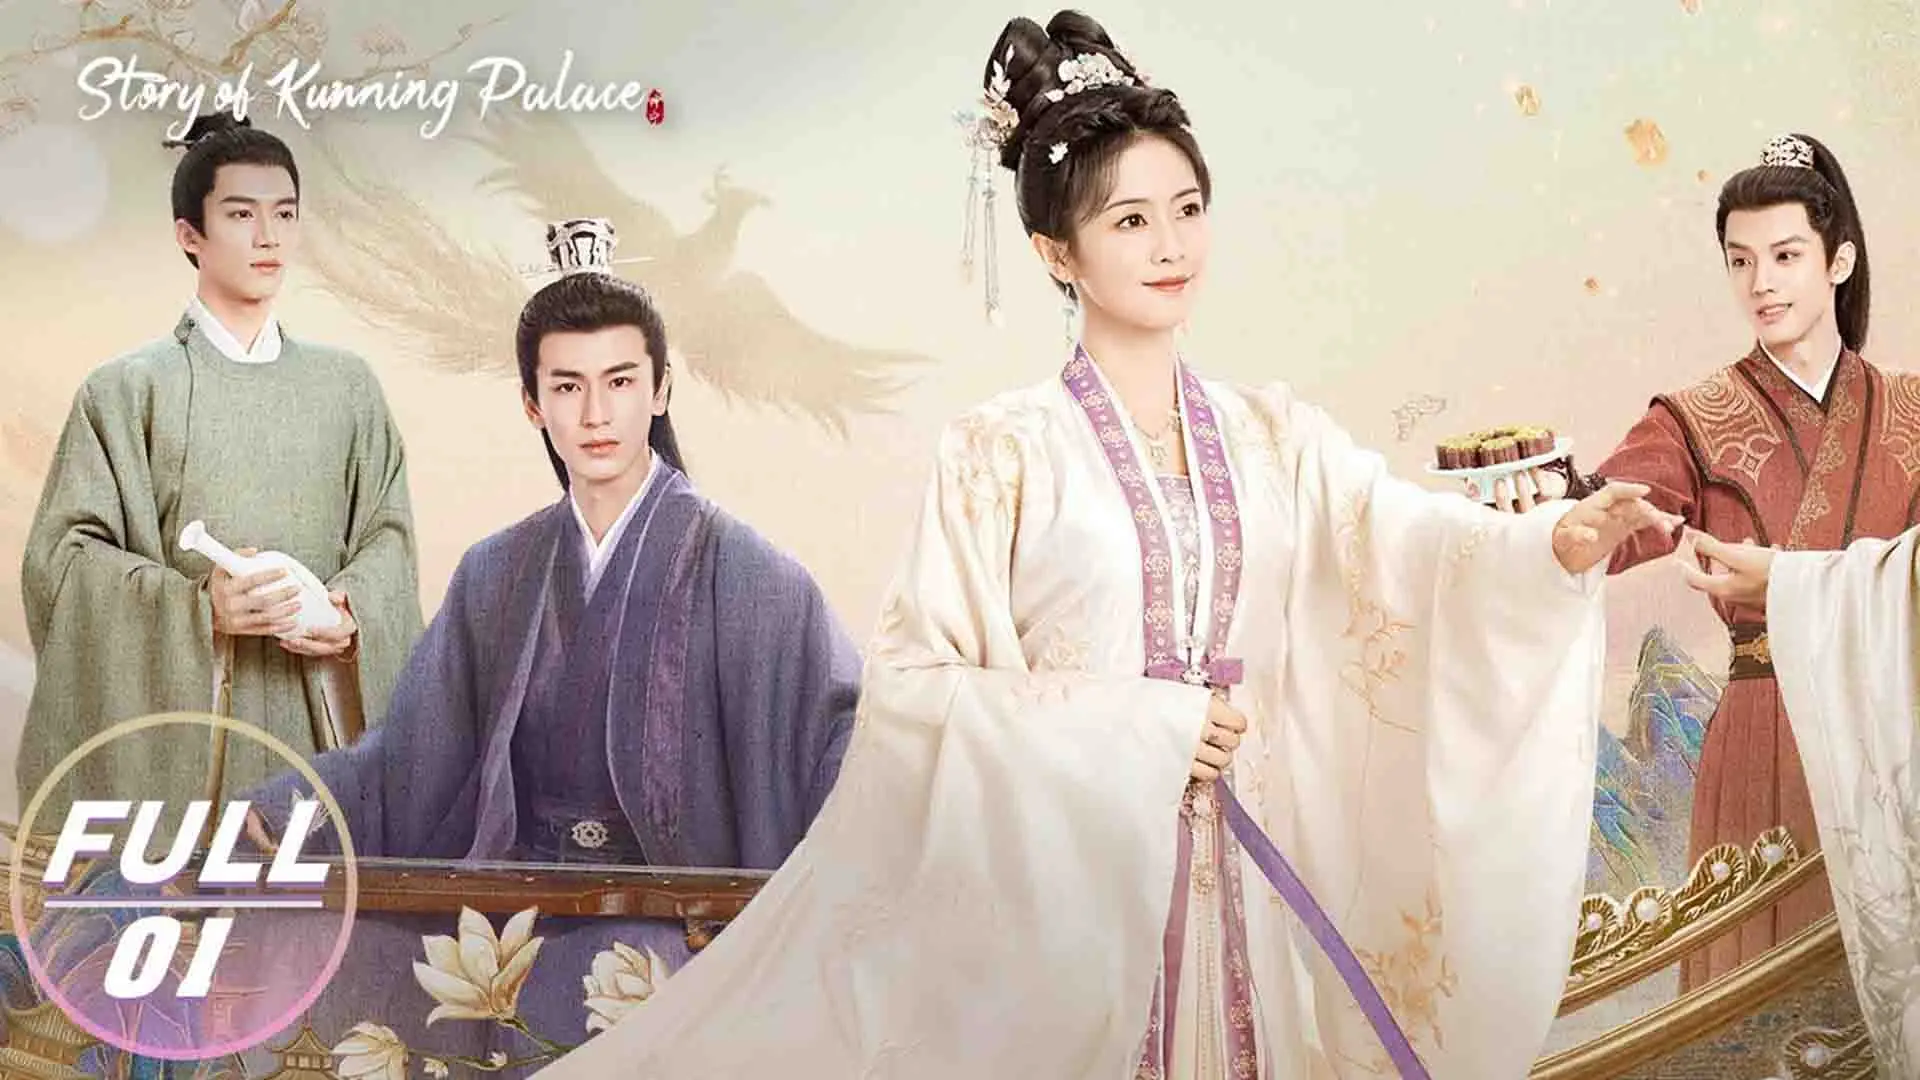 بازیگران اصلی سریال Story of Kunning Palace ۳۰ تا از بهترین سریال های چینی بهمراه امتیاز IMDB ایتی مایتی
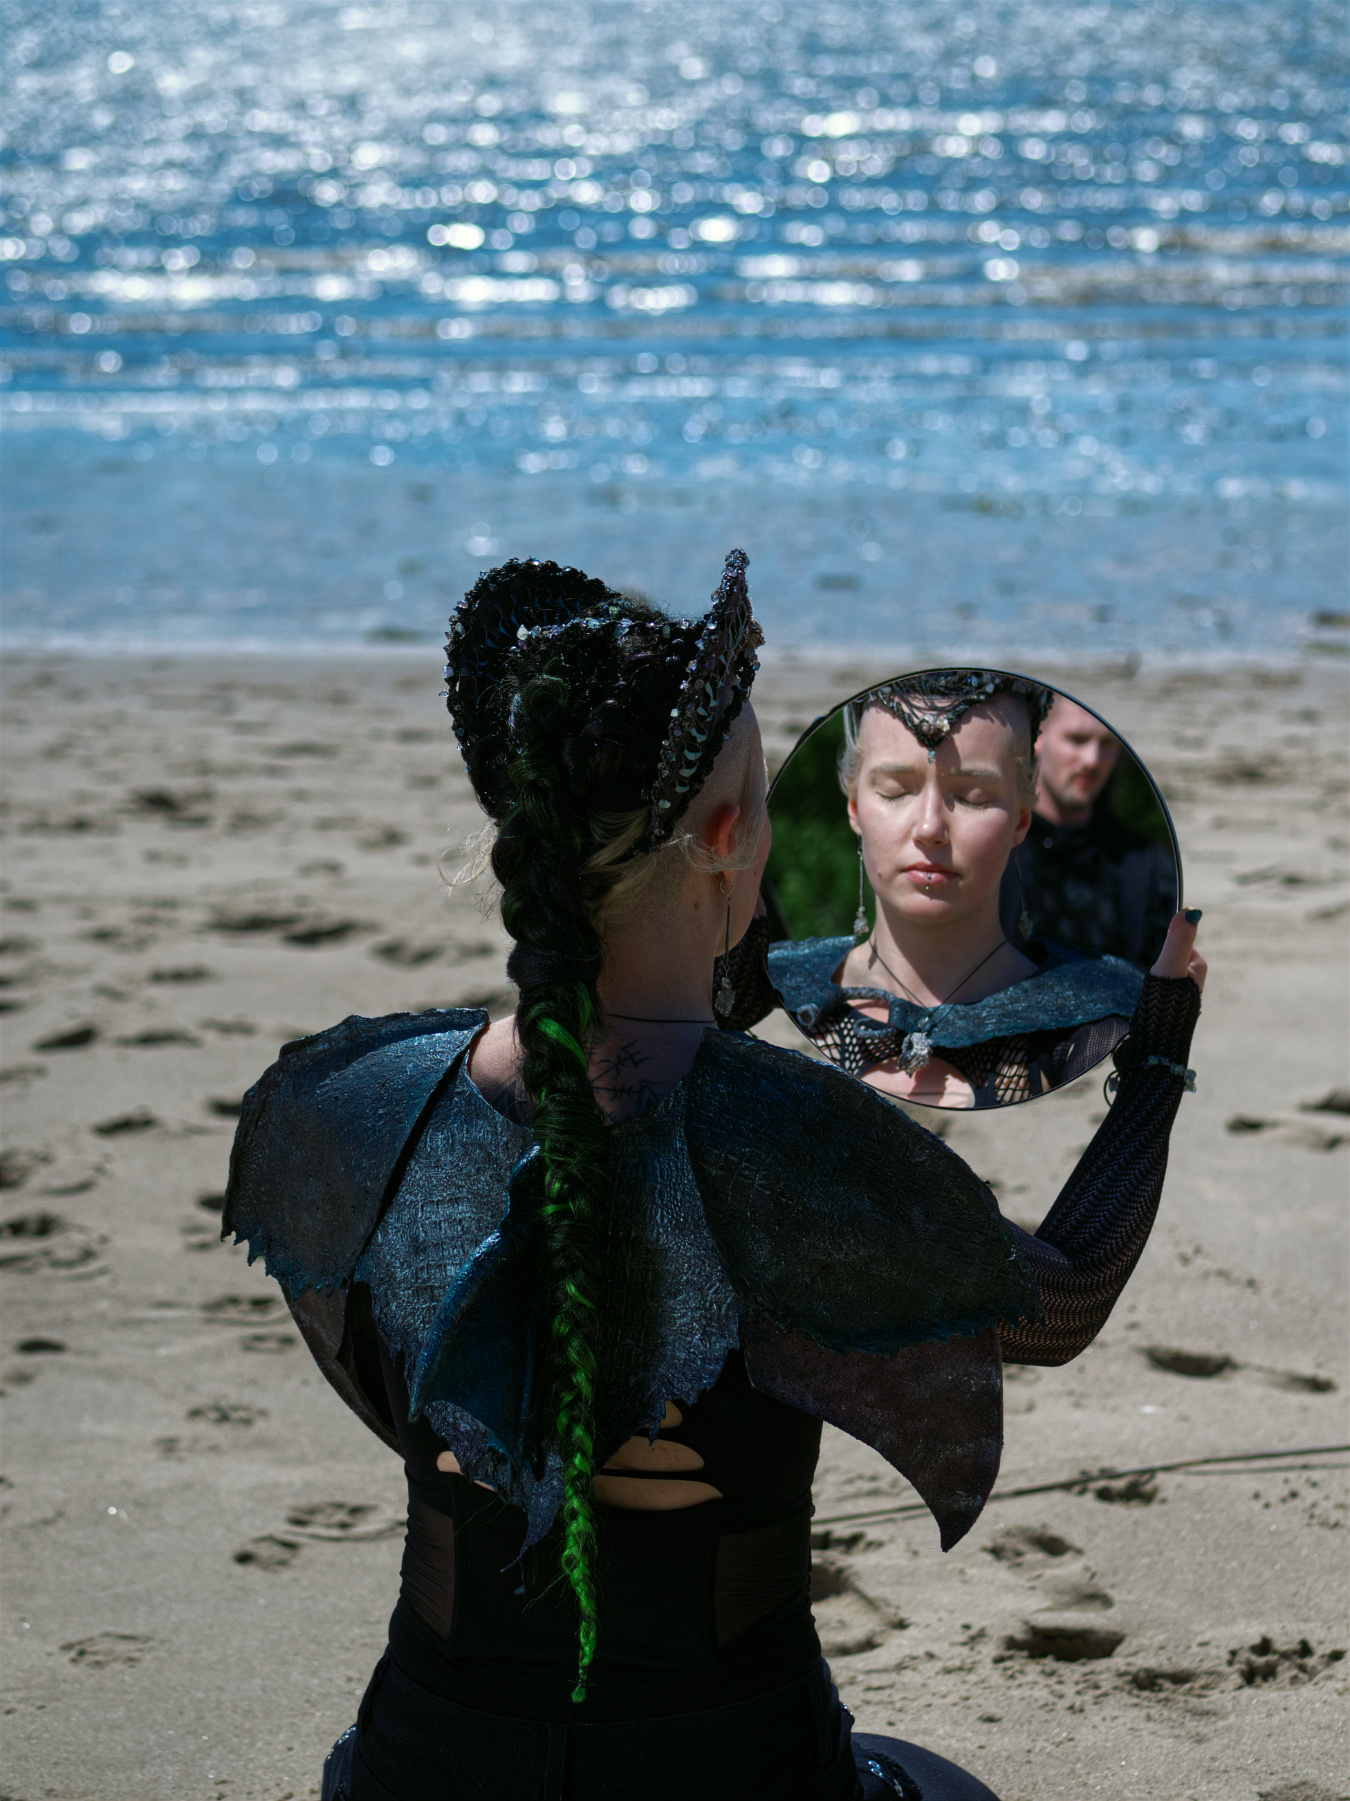 Die Meerjungfrau Miruna hält einen Spiegel in den der Seher Wilk von Weitem auch sieht
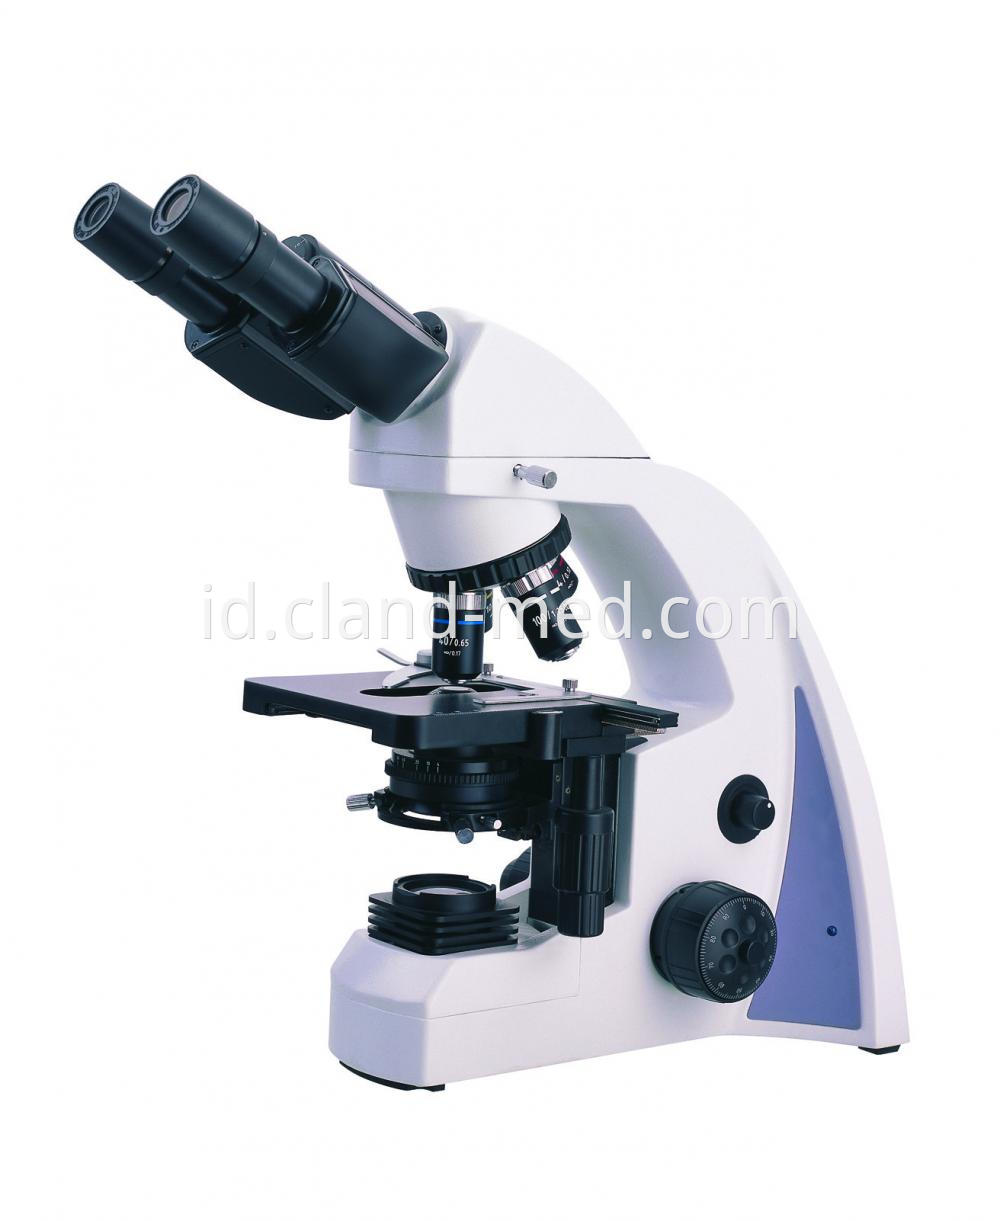 N 300m Biological Microscope

EXERCISE> Apart from the pictures, the whole listing should be reproduced exactly.

FINAL ANSWER>
 بازیگران اصلی سریال Story of Kunning Palace ۳۰ تا از بهترین سریال های چینی بهمراه امتیاز IMDB ایتی مایتی
 Die Meerjungfrau Miruna hält einen Spiegel in den der Seher Wilk von Weitem auch sieht
 N 300m Biological Microscope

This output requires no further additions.